Date: Fri, 26 Jun 2009 12:44:06 +0200
From: Jens Axboe <jens.axboe@oracle.com>
To: Wu Fengguang <fengguang.wu@intel.com>
Cc: Jeff Moyer <jmoyer@redhat.com>, Ralf Gross <rg@STZ-Softwaretechnik.com>,
       "linux-kernel@vger.kernel.org" <linux-kernel@vger.kernel.org>,
       linux-fsdevel@vger.kernel.org
Subject: Re: io-scheduler tuning for better read/write ratio
Message-ID: <20090626104406.GK23611@kernel.dk>
References: <20090616154342.GA7043@p15145560.pureserver.info> <4A37CB2A.6010209@davidnewall.com> <20090616184027.GB7043@p15145560.pureserver.info> <4A37E7DB.7030100@redhat.com> <20090616185600.GC7043@p15145560.pureserver.info> <x49d494c4u0.fsf@segfault.boston.devel.redhat.com> <x49fxdsl46y.fsf@segfault.boston.devel.redhat.com> <20090622163113.GD12483@p15145560.pureserver.info> <x49hby8jbrd.fsf@segfault.boston.devel.redhat.com> <20090626021905.GA23981@localhost>
MIME-Version: 1.0
Content-Type: text/plain; charset=us-ascii
Content-Disposition: inline
In-Reply-To: <20090626021905.GA23981@localhost>
Sender: linux-kernel-owner@vger.kernel.org
Content-Length: 5017
Lines: 122

On Fri, Jun 26 2009, Wu Fengguang wrote:
> On Tue, Jun 23, 2009 at 03:42:46AM +0800, Jeff Moyer wrote:
> > Ralf Gross <rg@STZ-Softwaretechnik.com> writes:
> > 
> > > Jeff Moyer schrieb:
> > >> Jeff Moyer <jmoyer@redhat.com> writes:
> > >> 
> > >> > Ralf Gross <rg@stz-softwaretechnik.com> writes:
> > >> >
> > >> >> Casey Dahlin schrieb:
> > >> >>> On 06/16/2009 02:40 PM, Ralf Gross wrote:
> > >> >>> > David Newall schrieb:
> > >> >>> >> Ralf Gross wrote:
> > >> >>> >>> write throughput is much higher than the read throughput (40 MB/s
> > >> >>> >>> read, 90 MB/s write).
> > >> >>> > 
> > >> >>> > Hm, but I get higher read throughput (160-200 MB/s) if I don't write
> > >> >>> > to the device at the same time.
> > >> >>> > 
> > >> >>> > Ralf
> > >> >>> 
> > >> >>> How specifically are you testing? It could depend a lot on the
> > >> >>> particular access patterns you're using to test.
> > >> >>
> > >> >> I did the basic tests with tiobench. The real test is a test backup
> > >> >> (bacula) with 2 jobs that create 2 30 GB spool files on that device.

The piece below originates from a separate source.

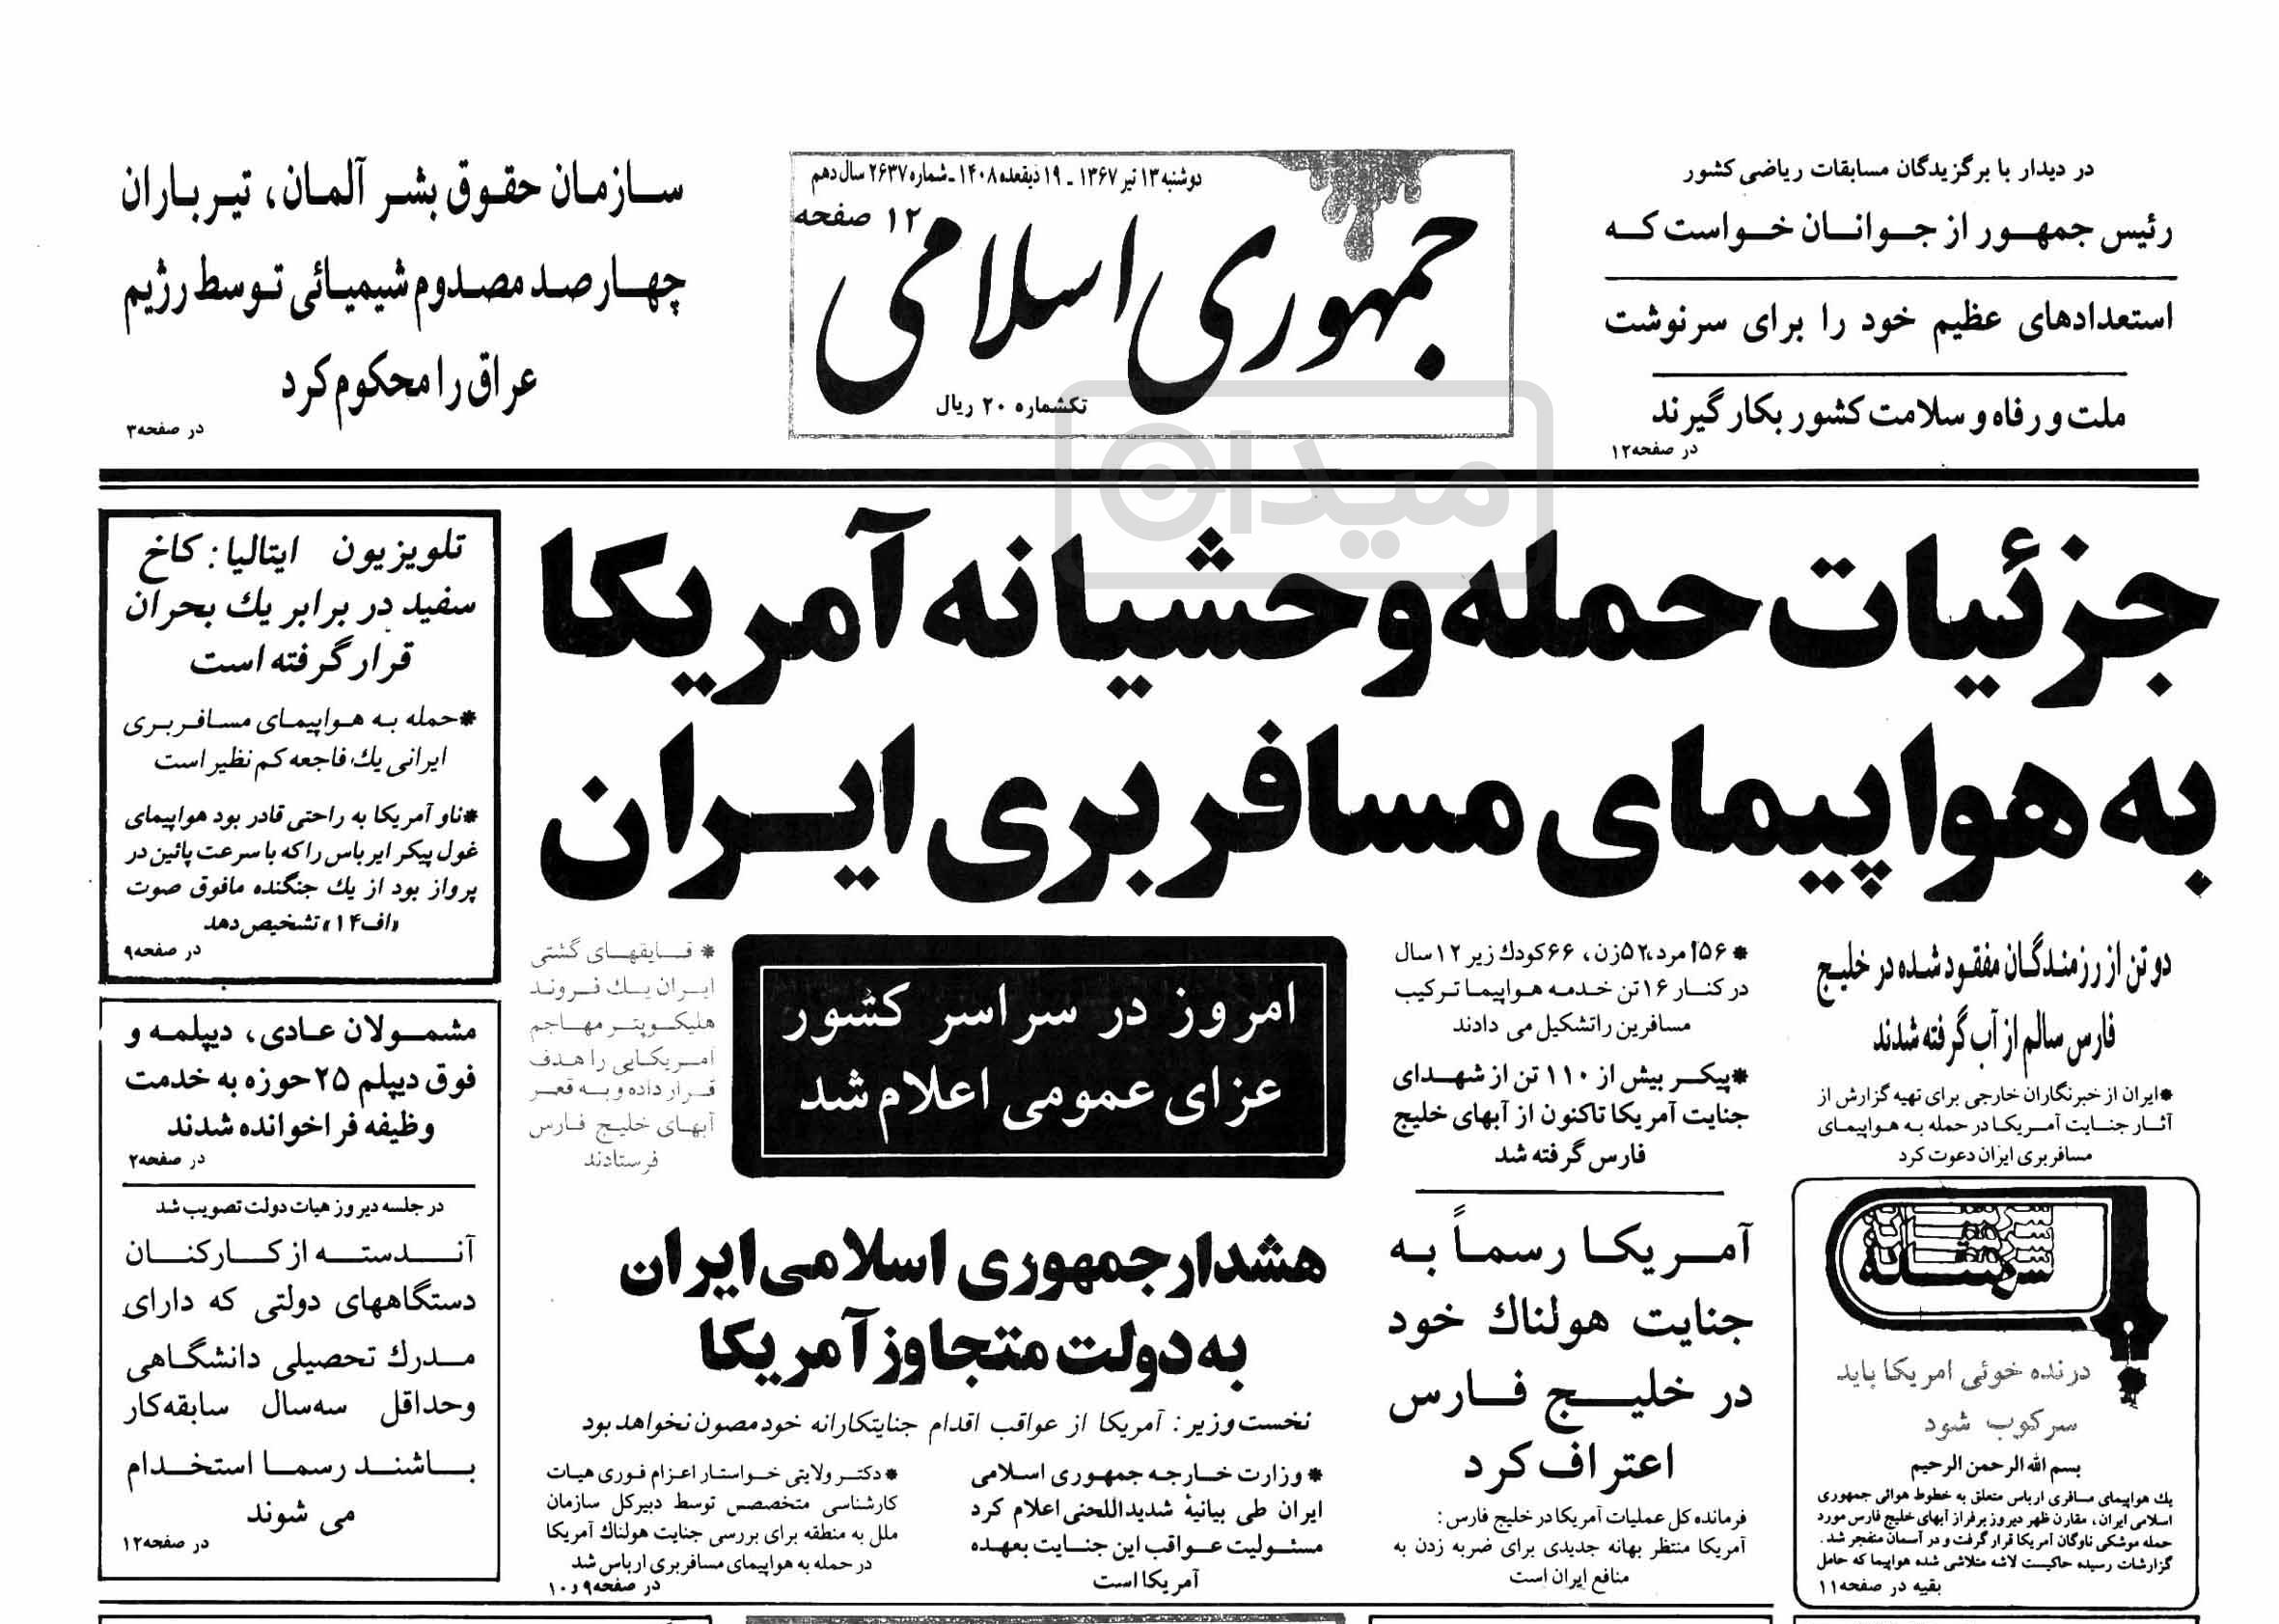 تیر ۶۷: جزئیات حمله وحشیانه آمریکا به هواپیمای مسافربری ایران
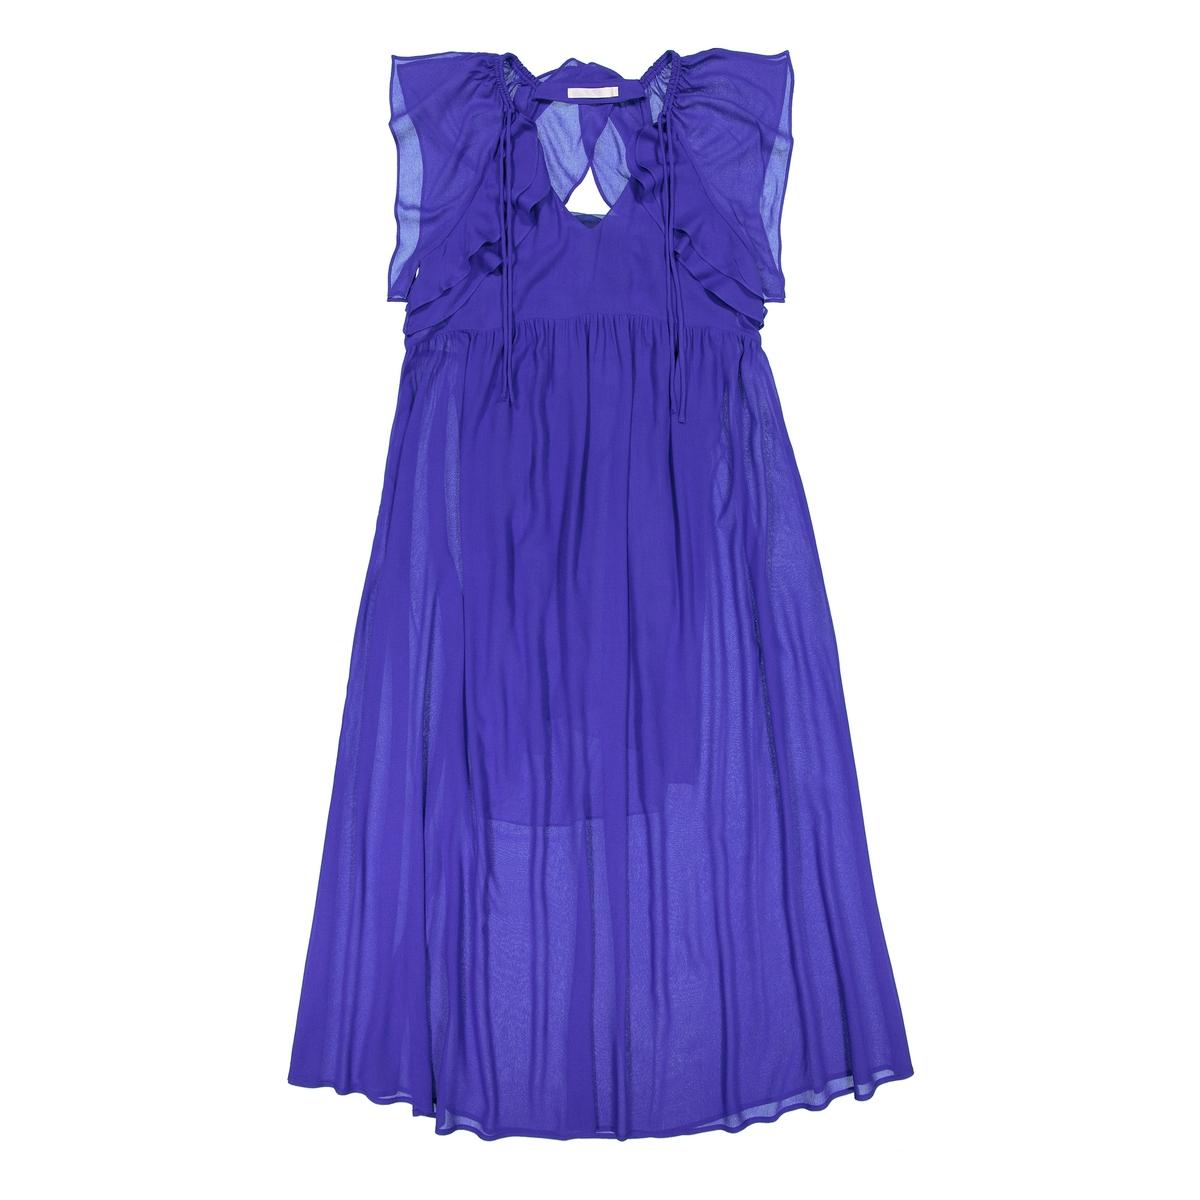 Платье длинное с воланами на плечах и застёжкой сзади

> > >> >> The jobs partially write to the device in parallel. Depending which
> > >> >> spool file reaches the 30 GB first, one starts reading from that file
> > >> >> and writing to tape, while to other is still spooling.
> > >> >
> > >> > We are missing a lot of details, here.  I guess the first thing I'd try
> > >> > would be bumping up the max_readahead_kb parameter, since I'm guessing
> > >> > that your backup application isn't driving very deep queue depths.  If
> > >> > that doesn't work, then please provide exact invocations of tiobench
> > >> > that reprduce the problem or some blktrace output for your real test.
> > >> 
> > >> Any news, Ralf?
> > >
> > > sorry for the delay. atm there are large backups running and using the
> > > raid device for spooling. So I can't do any tests.
> > >
> > > Re. read ahead: I tested different settings from 8Kb to 65Kb, this
> > > didn't help.
> > >
> > > I'll do some more tests when the backups are done (3-4 more days).
> > 
> > The default is 128KB, I believe, so it's strange that you would test
> > smaller values.  ;)  I would try something along the lines of 1 or 2 MB.
> > 
> > I'm CCing Fengguang in case he has any suggestions.
> 
> Jeff, thank you for the forwarding (and sorry for the long delay)!
> 
> The read:write (or rather sync:async) ratio control is an IO scheduler
> feature. CFQ has parameters slice_sync and slice_async for that.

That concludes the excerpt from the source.